Consider a function index of an MD5 hash of the value, or use full text indexing.
CONTEXT: SQL statement "INSERT INTO metabib.
PL/pgSQL function metabib.
SQL statement "SELECT metabib.
PL/pgSQL function biblio.
browse_
Perhaps a simple truncation of the data before indexing would be sufficient. It has the same incompleteness problem as using MD5, but at least we know we are punishing the outliers, not entries based on random chance. Even with truncation, it seems extremely unlikely for a title to have its *first* uniqueness from the set more than 2,000 characters in (if that is what the 'size' here amounts to).
tags: | added: database |
Changed in evergreen: | |
assignee: | nobody → Chris Sharp (chrissharp123) |
This isn't the first time we've run into this sort of issue. For another example, see: mfr. We truncate there (transparently, through a view and query rewriting), FWIW.
The reason we have a unique index over (sort_value, value) rather than just (value) or (sort_value) alone is because of non-filing prefixes. Two strings may have different value, er, values, but if they come from fields that allows and use non-filing characters, they may have colliding sort_value values. And, likewise, you may have to identical value values but one defines a non-filing character count and so should sort differently. So, both the raw value and the sort_value must be considered together when defining "unique".
Moving to a calculated value (MD5, SHA1, etc) would be non-good, since the index is used for searching and sorting the data.

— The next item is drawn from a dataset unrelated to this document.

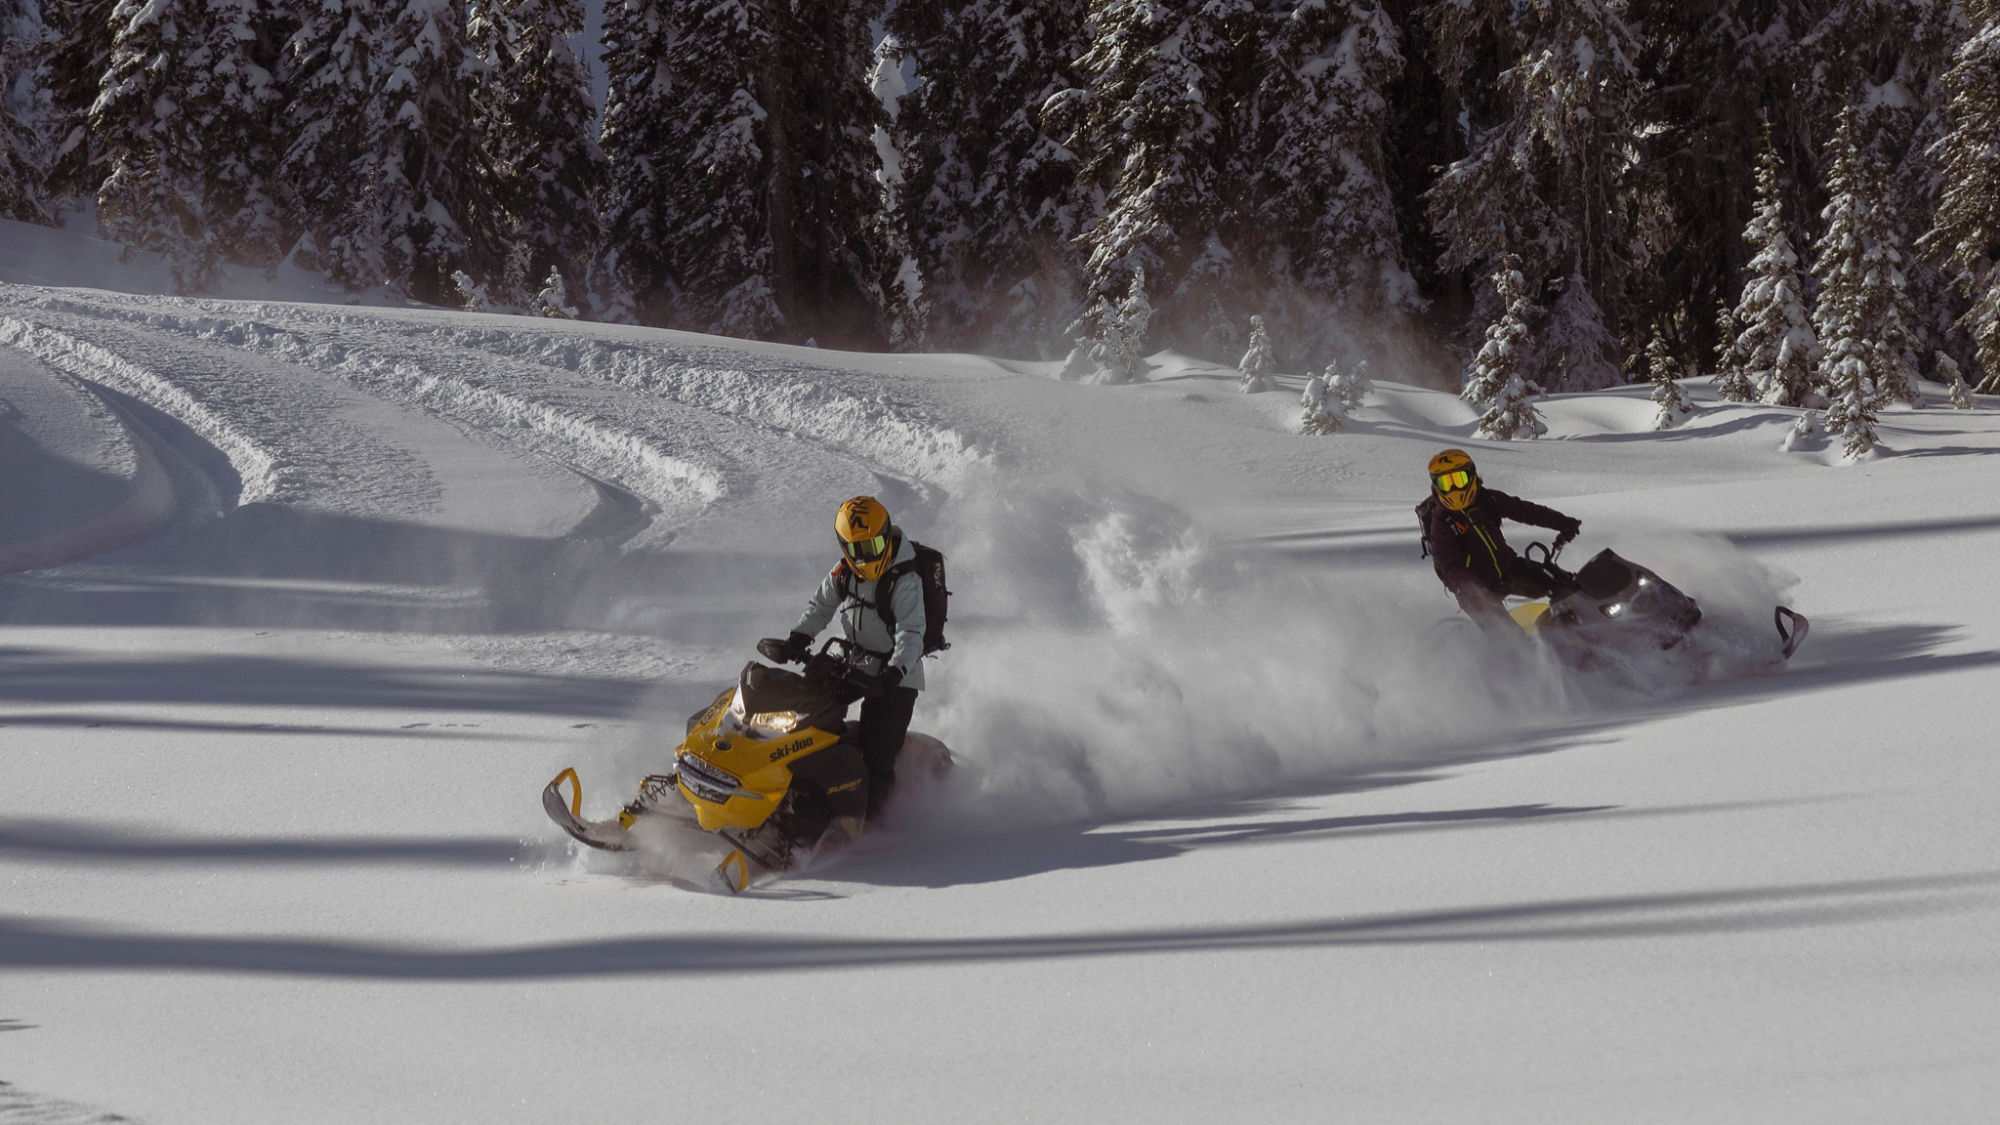 Two Ski-Doo deep snow snowmobile zig-zagging in snow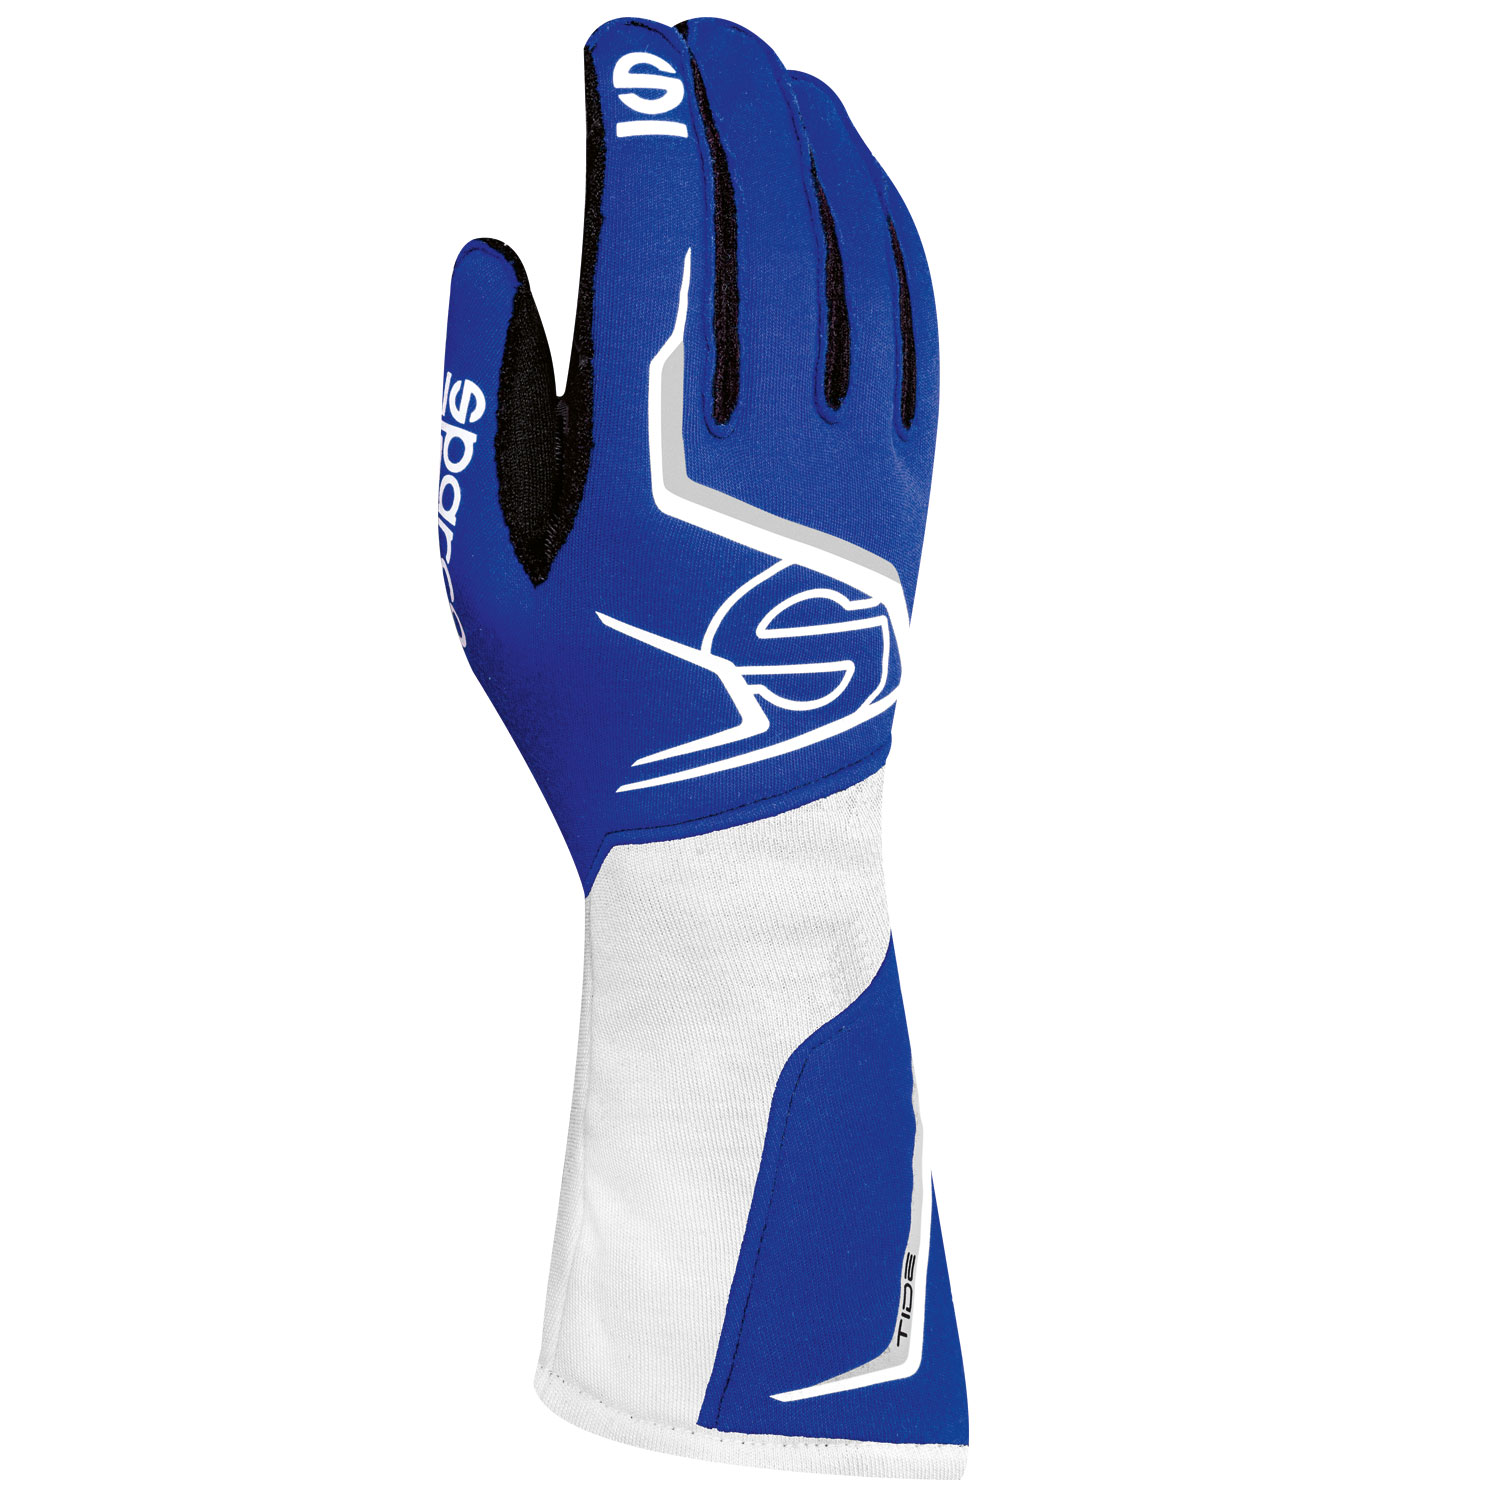 Sparco Handschuh Tide, blau/weiß

Truncation seems reasonable, and, IMO, favoring truncation of the value column is probably preferable up to some minimum length. For instance, perhaps we truncate the sort_value column to no shorter than 2000, and give the balance of the ~2700 bytes to the value column. That allows the non-filing part of the value column to continue acting as a tie breaker, which is how things work today.
Thoughts?